WHAT TO WORK ON -
Your answer should repeat exactly the lines from the one holding "Master lingue straniere" through the end of the data, and it should contain no pictures.

DATASET EXCERPT -
────

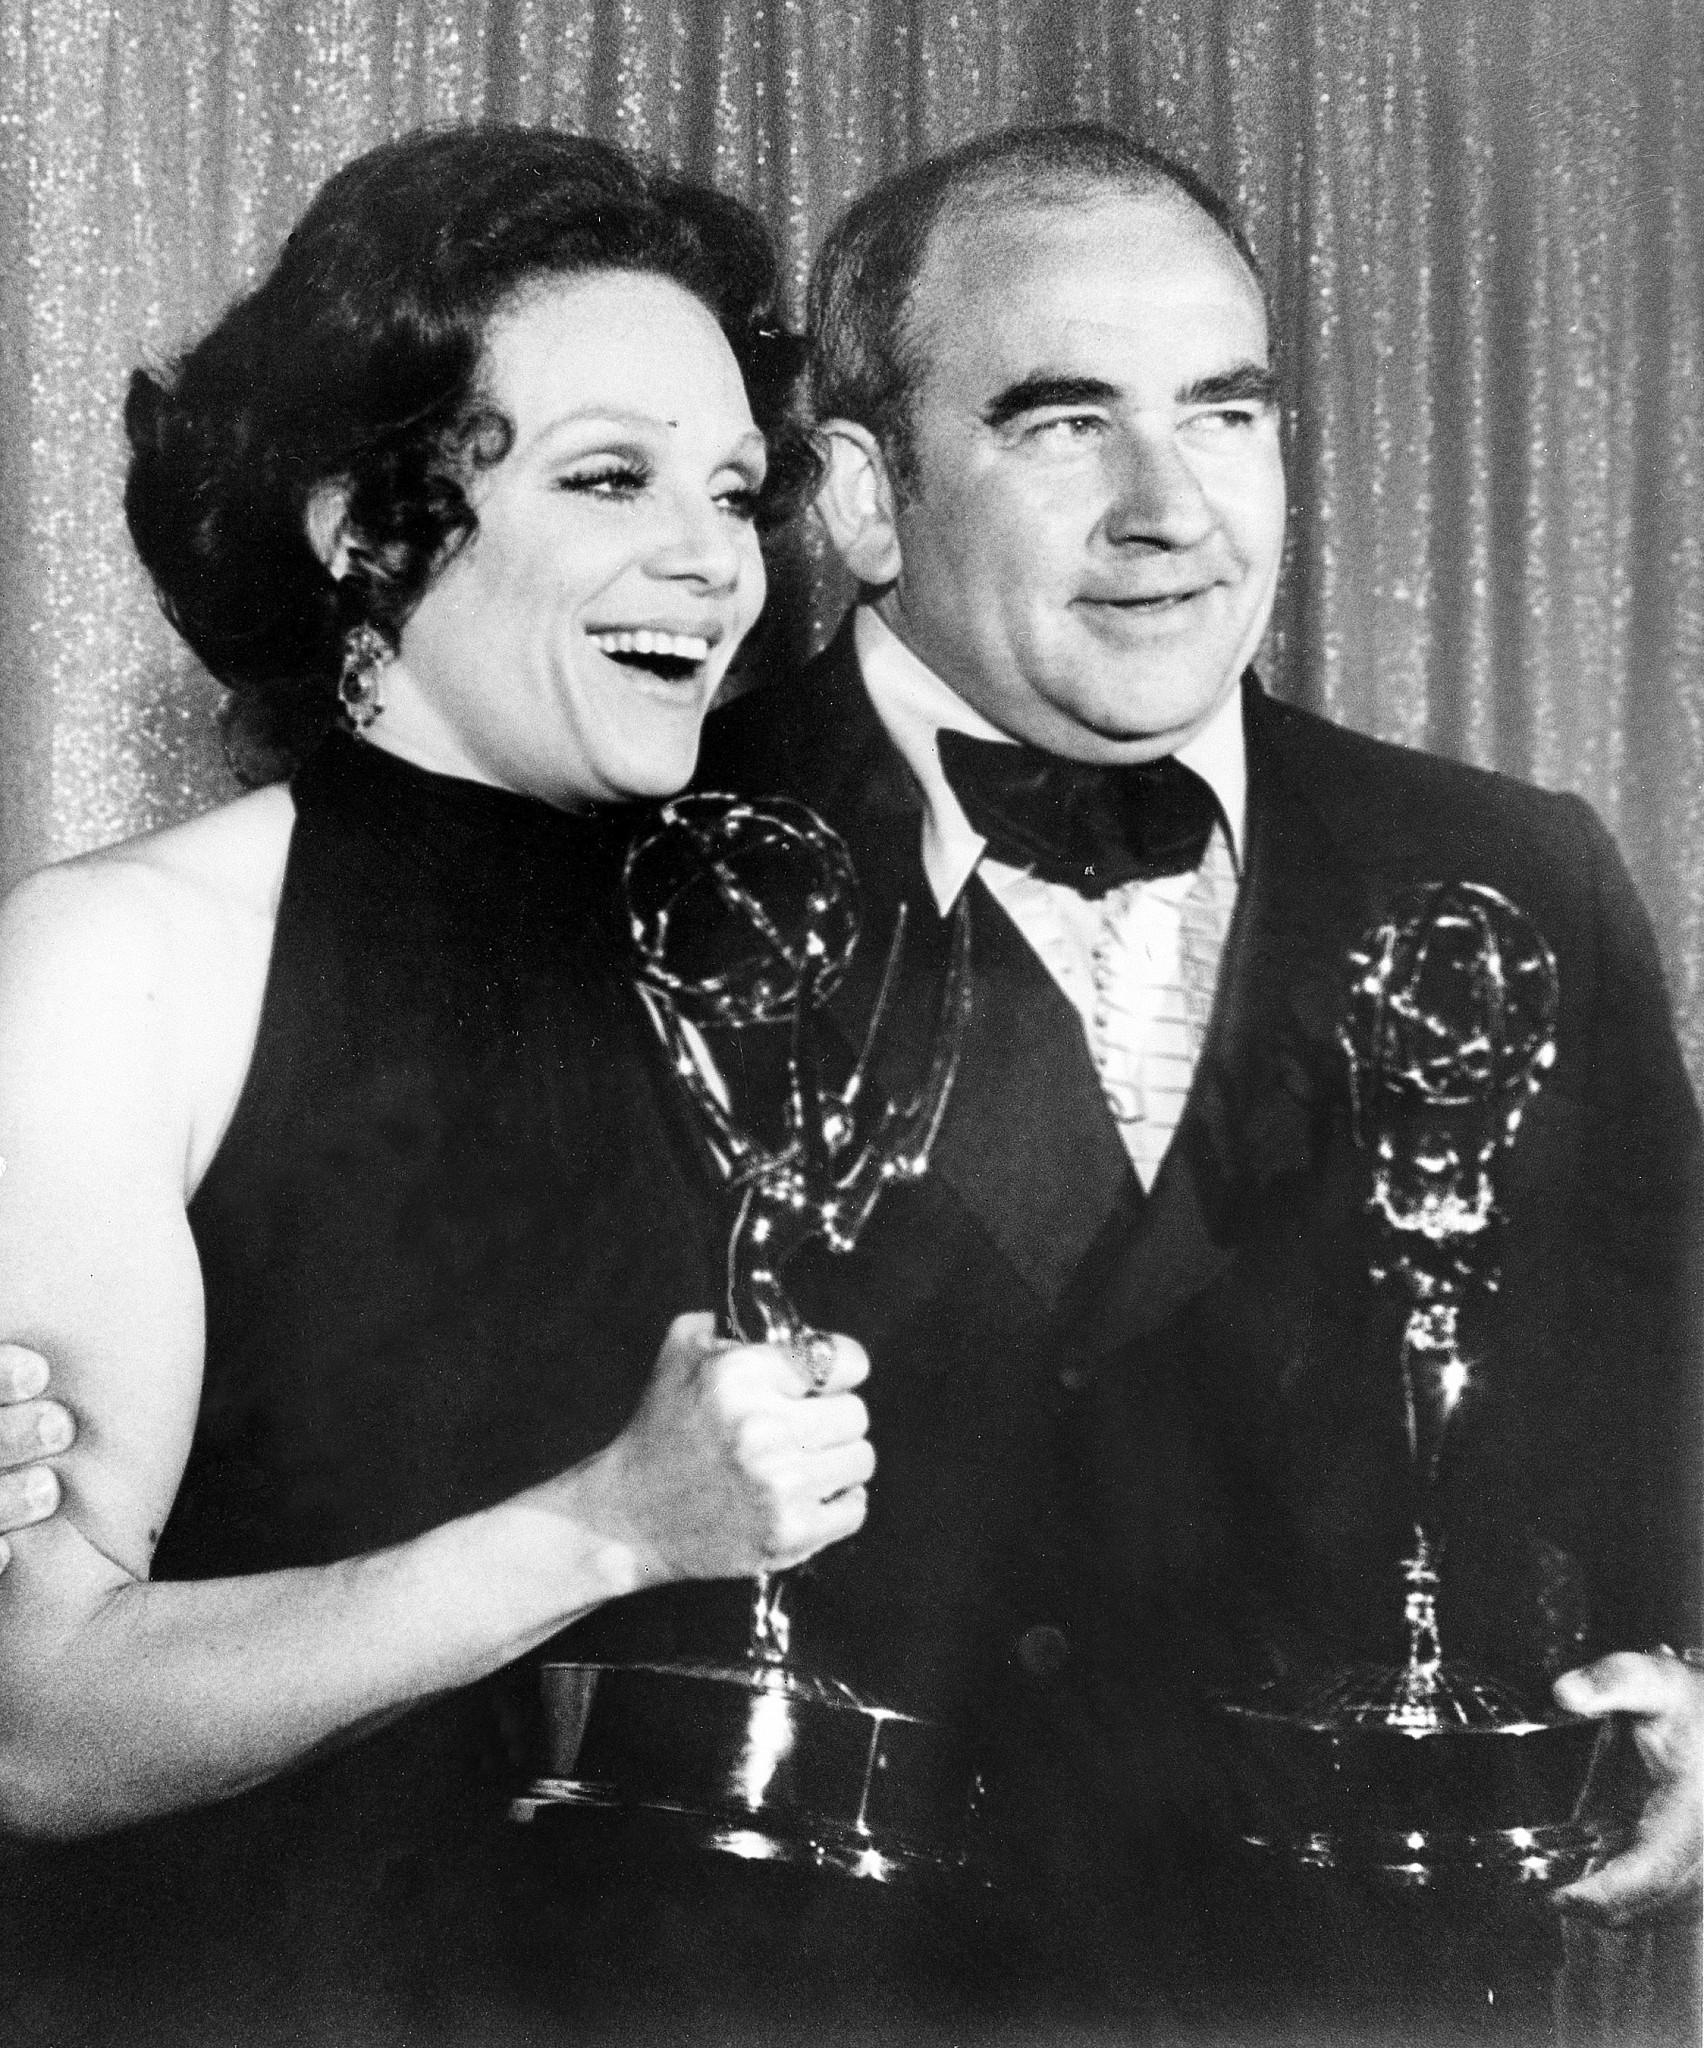 Valerie Harper, who played lovable, sassy 'Jewish' sitcom
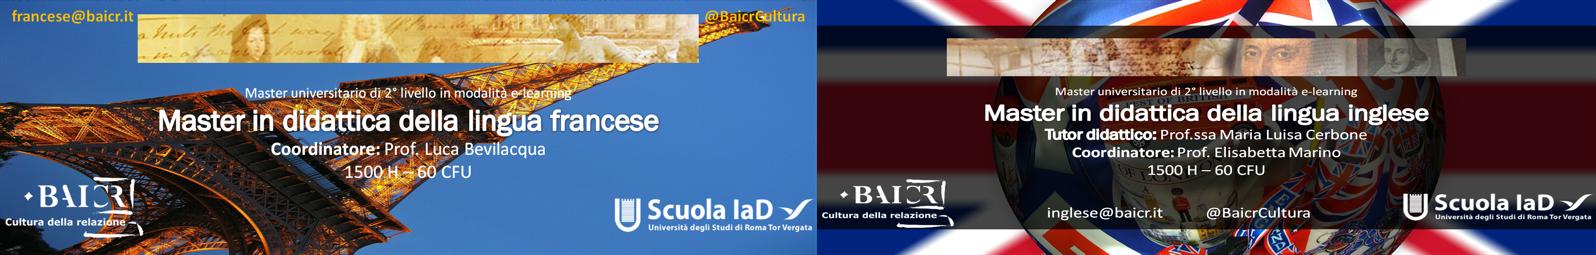 Master lingue straniere - didattica ING FRA.jpg
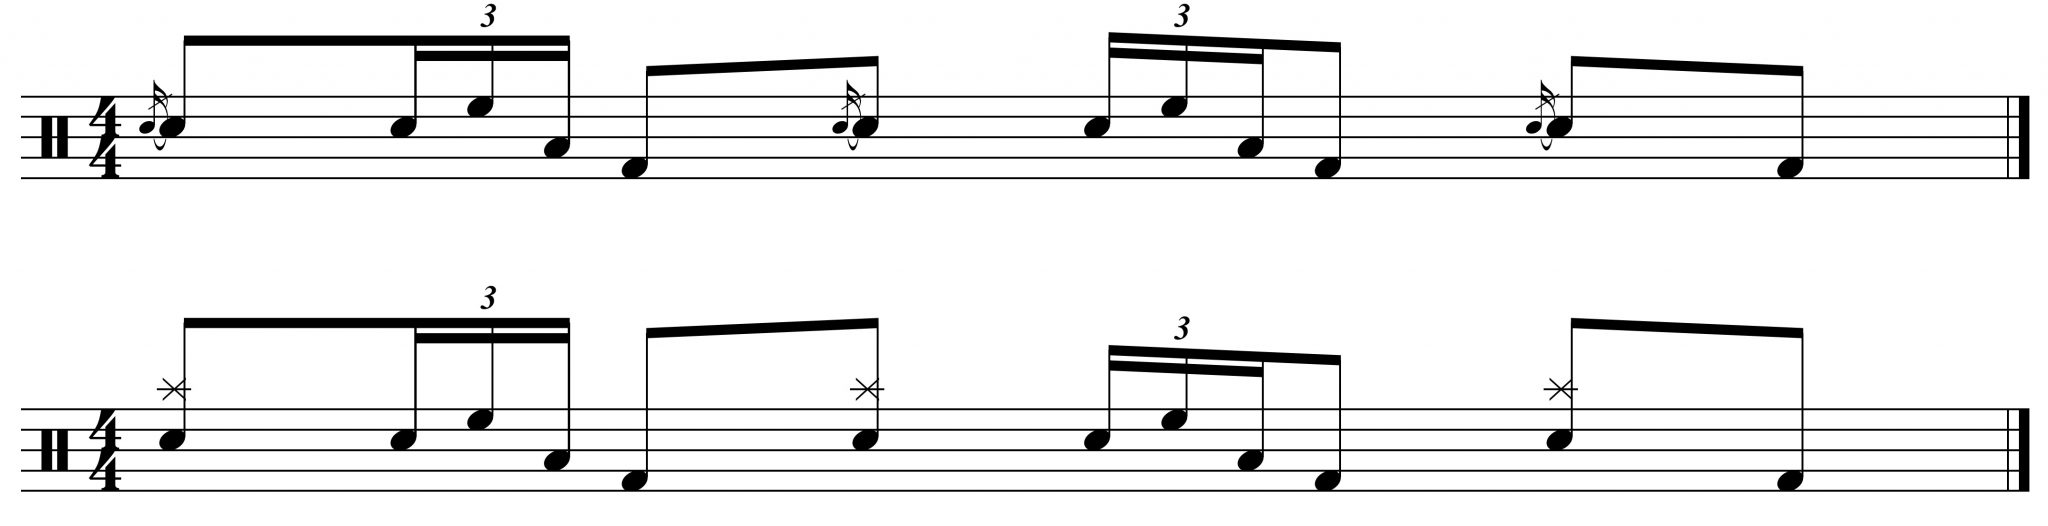 basic variations
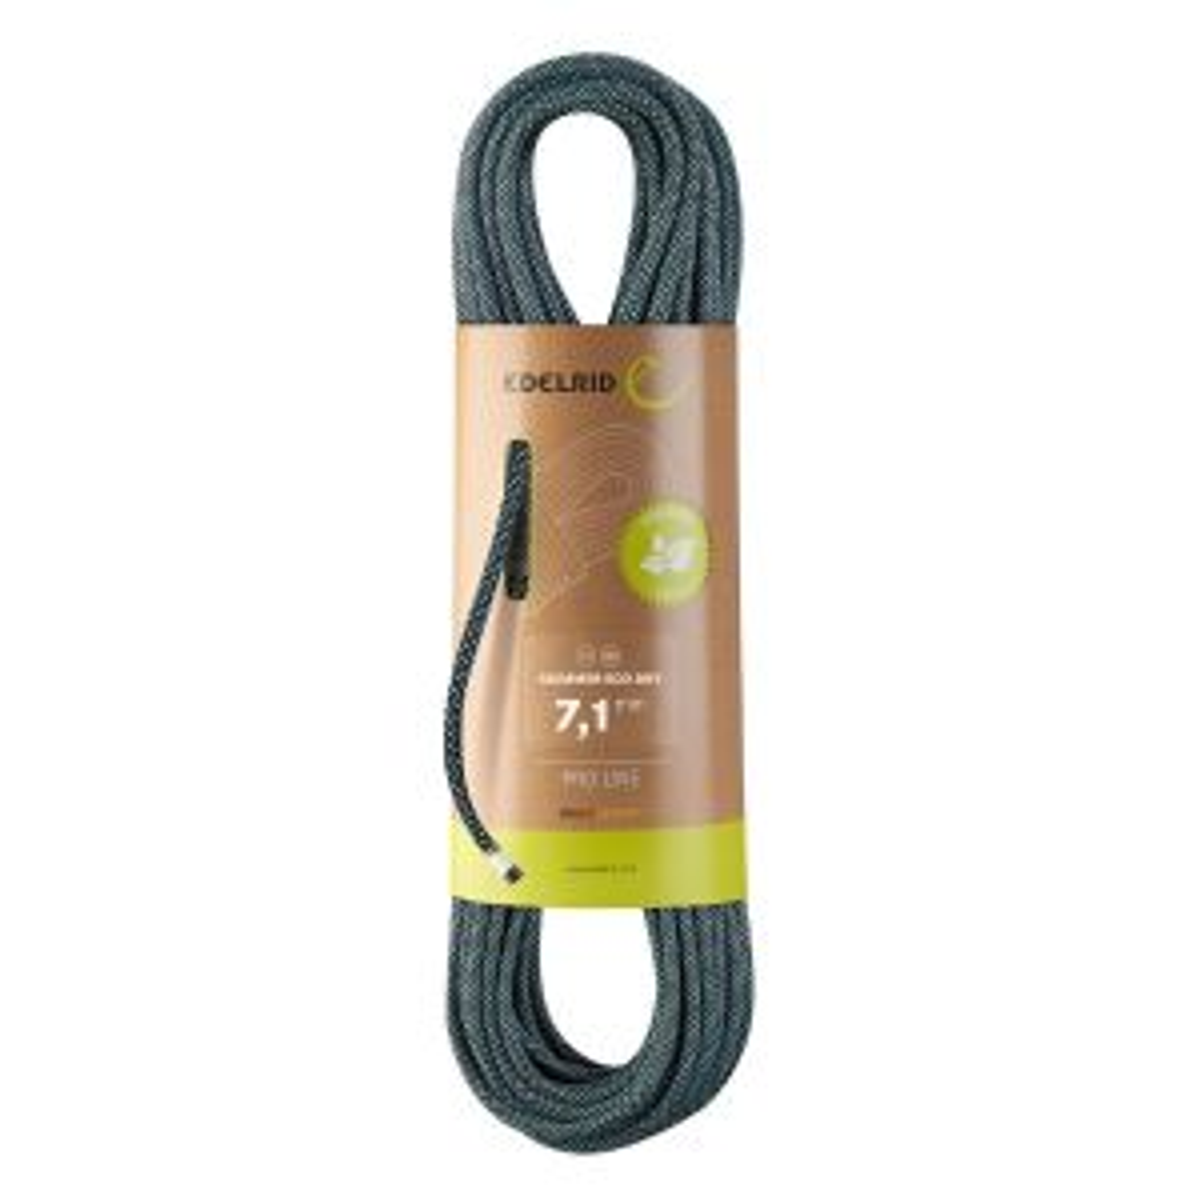 Skimmer Eco Dry 7,1mm Halbseil night 70 m

────

ANSWER TO THE EXERCISE -
 Master lingue straniere - didattica ING FRA.jpg
 basic variations
 Skimmer Eco Dry 7,1mm Halbseil night 70 m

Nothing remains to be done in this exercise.